That's quite a bit huh? It's not really all that much though. Here's what this class does:

• gives us a type-safe way of raising the PropertyChanged event based on an expression
• when a PropertyChanged event is raised, we automatically validate that property if a validation for that property has been defined
• provides a very easy way to define validations for properties
• enables you to validate all properties (for which validations have been defined), or just a specific one
• takes full advantage of the INotifyDataErrorInfo functionality of Silverlight which means that as soon as a property doesn't validate, the UI will show this to the user automatically without us having to do anything for it

For instance, suppose we have a Name property that is bound to a TextBox using two-way binding. We can define the validation of the Name property like this:

           AddValidationFor(m => m.Name)
                .When(m => string.IsNullOrWhiteSpace(m.name))
                .WithMessage("name is a required field");

And the Name property would be implemented like this:

        private string name;
 
        public string Name
        {
            get { return name; }
            set
            {
                name = value;
                NotifyPropertyChanged(m => m.Name);
            }
        }

That's it. If the user (or you) puts an invalid value in the Name property, the InputControl that is bound to it will automatically display the validation message. If the user (or you) puts a valid value in the Name property, its validation message will automatically be removed by the InputControl. You'll see some extensive examples of BindingModels once we explore how to build our User Controls in this series.

Next up is the Presenter.
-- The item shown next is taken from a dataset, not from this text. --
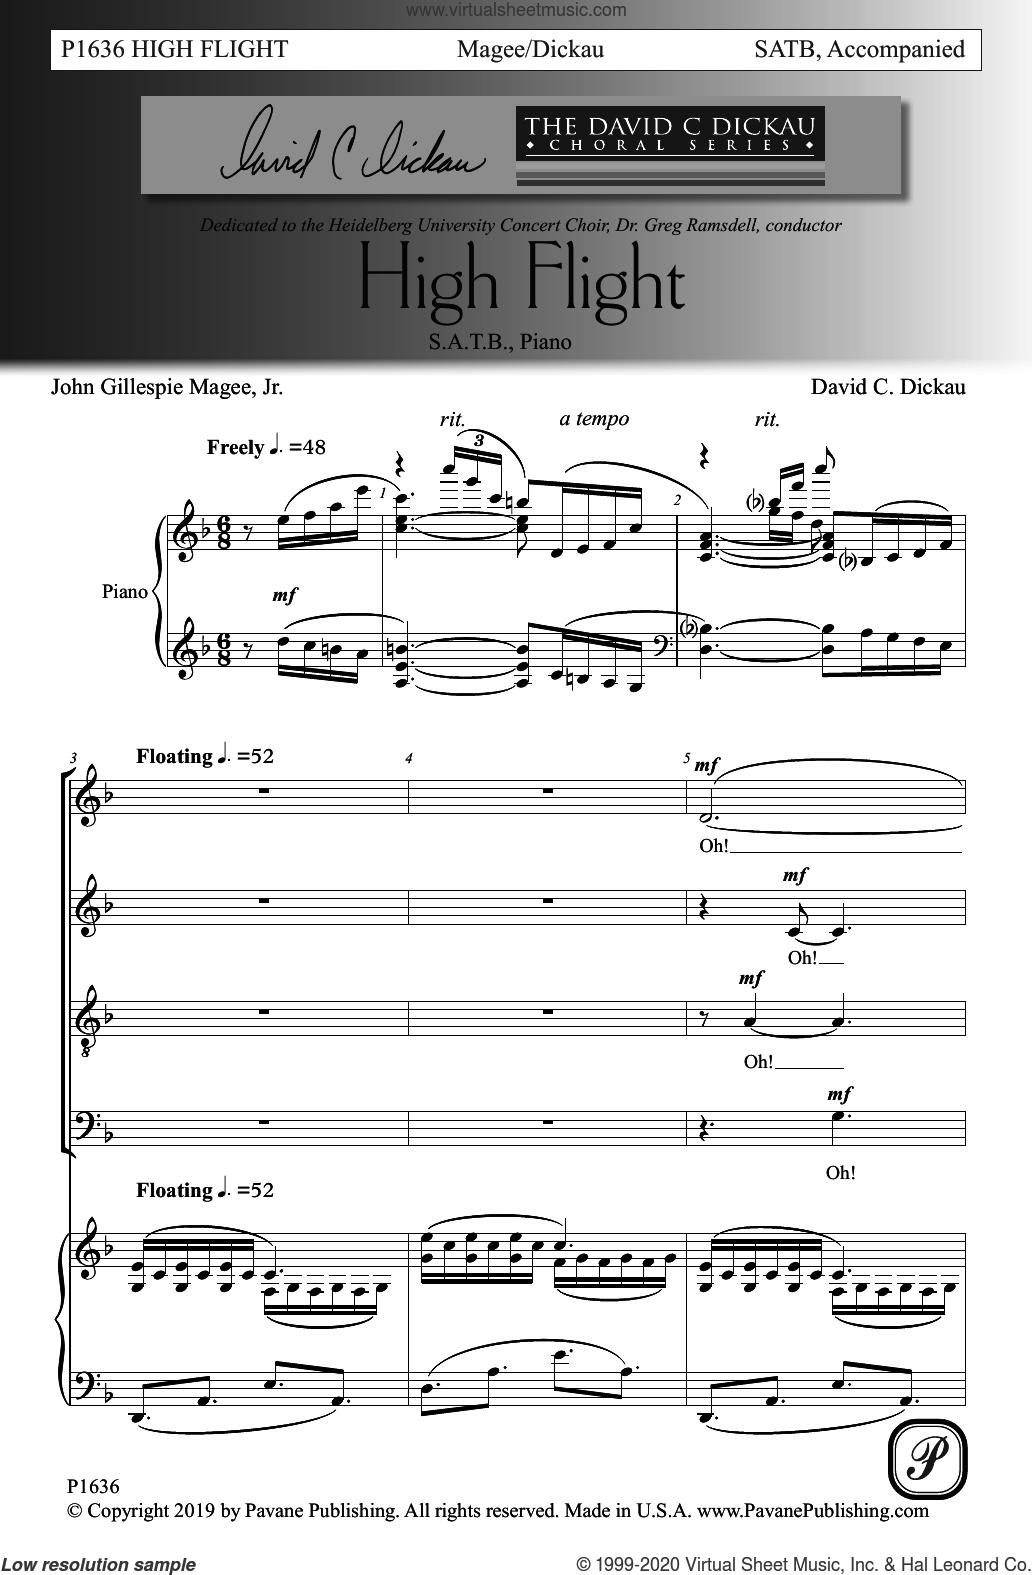 High Flight sheet music for choir (SATB: soprano, alto, tenor, bass) by David C. Dickau, John Gillespie Magee, Jr. and John Gillespie Magee, Jr. and David C. Dickau, intermediate skill level

As i mentioned in the previous post, this class is a bit of a coordinator between the user, the View and the Model. That means it interacts with both the View and the Model. It can interact with its View directly, which is still done through an interface to enable easy testability, or with other Views' Presenter indirectly. For this indirect communication between Presenters, we use Event Aggregation through an Event Aggregator. I've covered this before, so i'm just going to link to my old post about it. In the sample that accompanies this series, you'll find the code for the Event Aggregator and since it's also shown in the post i just linked to, there's no need to show it in this post again. Just keep in mind that each Presenter will automatically have a reference to the Event Aggregator.
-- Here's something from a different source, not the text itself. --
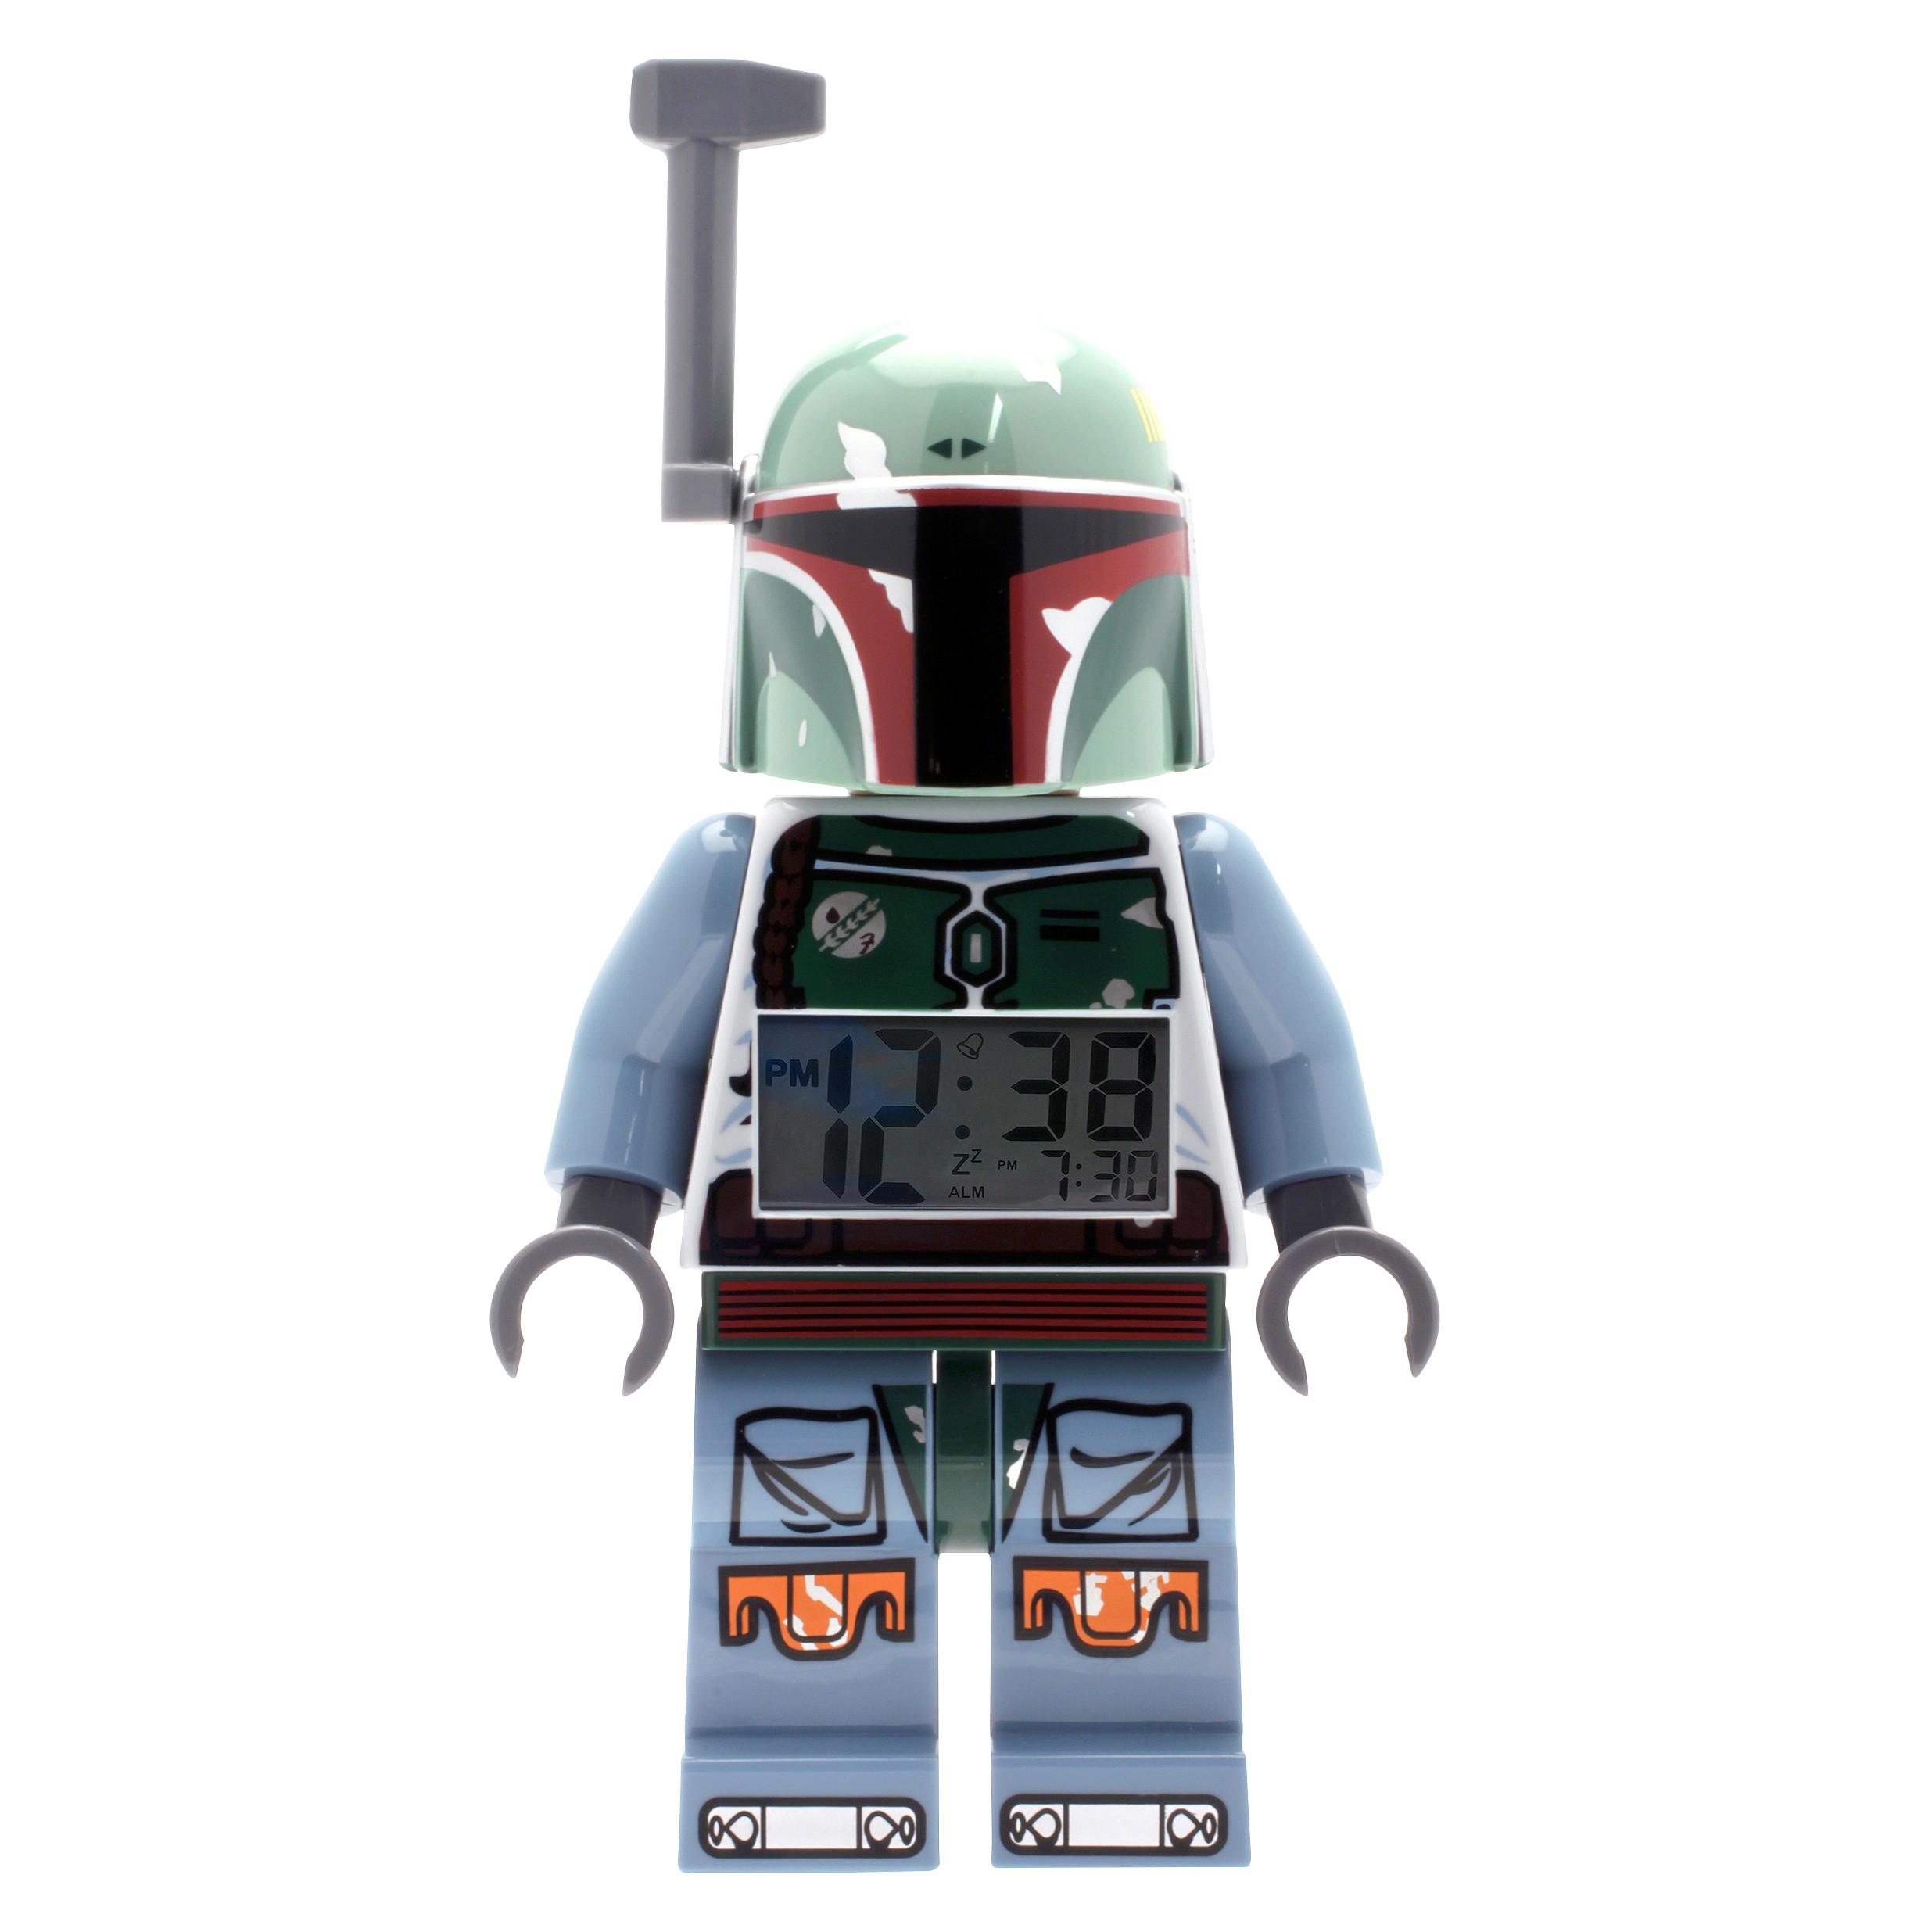 LEGO Boba Fett Minifigure Clock (5000249) (2012)

Another thing that each Presenter needs to have is a reference to a factory which creates proxies to communicate with the Model (Service Layer). I'm using Agatha's IAsyncRequestDispatcherFactory for this since i believe it's the most optimal and clean way to communicate with a WCF Service Layer, especially when doing Silverlight, provided of course that the Service Layer is also implemented with Agatha. Now, since i'm the author of the Agatha project i'm probably (duh) a bit biased but check out the Agatha project and decide for yourself whether this is a good choice or not.
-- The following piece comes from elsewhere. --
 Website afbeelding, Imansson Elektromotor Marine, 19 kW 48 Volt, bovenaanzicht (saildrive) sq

Having said all that, we can now take a look at the implementation of the base Presenter class:

    public abstract class Presenter<TView, TBindingModel>
        where TView : IView
        where TBindingModel : BindingModel<TBindingModel>, new()
    {
        protected Presenter(TView view, IEventAggregator eventAggregator, IAsyncRequestDispatcherFactory requestDispatcherFactory)
        {
            View = view;
            EventAggregator = eventAggregator;
            RequestDispatcherFactory = requestDispatcherFactory;
            BindingModel = new TBindingModel();
        }
 
        protected IEventAggregator EventAggregator { get; private set; }
        protected IAsyncRequestDispatcherFactory RequestDispatcherFactory { get; private set; }
        protected TView View { get; private set; }
 
        public TBindingModel BindingModel { get; private set; }
 
        public virtual void Initialize() {}
 
        protected void PublishRemoteException(ExceptionInfo exceptionInfo)
        {
            EventAggregator.Publish(new RemoteExceptionOccurredEvent(exceptionInfo));
        }
    }

As you can see, there's not really much to say about this. The Presenter has its View, IEventAggregator and IAsyncRequestDispatcherFactory dependencies injected in the constructor and it automatically instantiates its BindingModel. The dependencies are made available to the derived classes (your actual Presenters) through protected properties. The Initialize method is something that you can optionally implement and will be called by the View when it has received its reference to the Presenter. There's also a protected utility method called PublishRemoteException which publishes a RemoteExceptionOccurredEvent through the Event Aggregator. This method can be used (but doesn't have to be) as the fallback whenever a service call fails. The idea is that something else is subscribed to the RemoteExceptionOccurredEvent with the Event Aggregator and that it can display these error messages in a uniform manner (or log them, or whatever). That's it as far as the base Presenter implementation goes.

Finally, we get to the View. We have the following base IView interface which the View class will implement:

    public interface IView : IDisposable
    {
        void Hide();
        void Show();
    }

As you can see, the IView interface inherits from the IDisposable interface. Many people think i go overboard with using the IDisposable interface, but i still think it's very important to deal with .NET's memory management efficiently, and especially in the case of Silverlight where we have observed numerous memory leaks in core UserControls due to, well, bad programming practices.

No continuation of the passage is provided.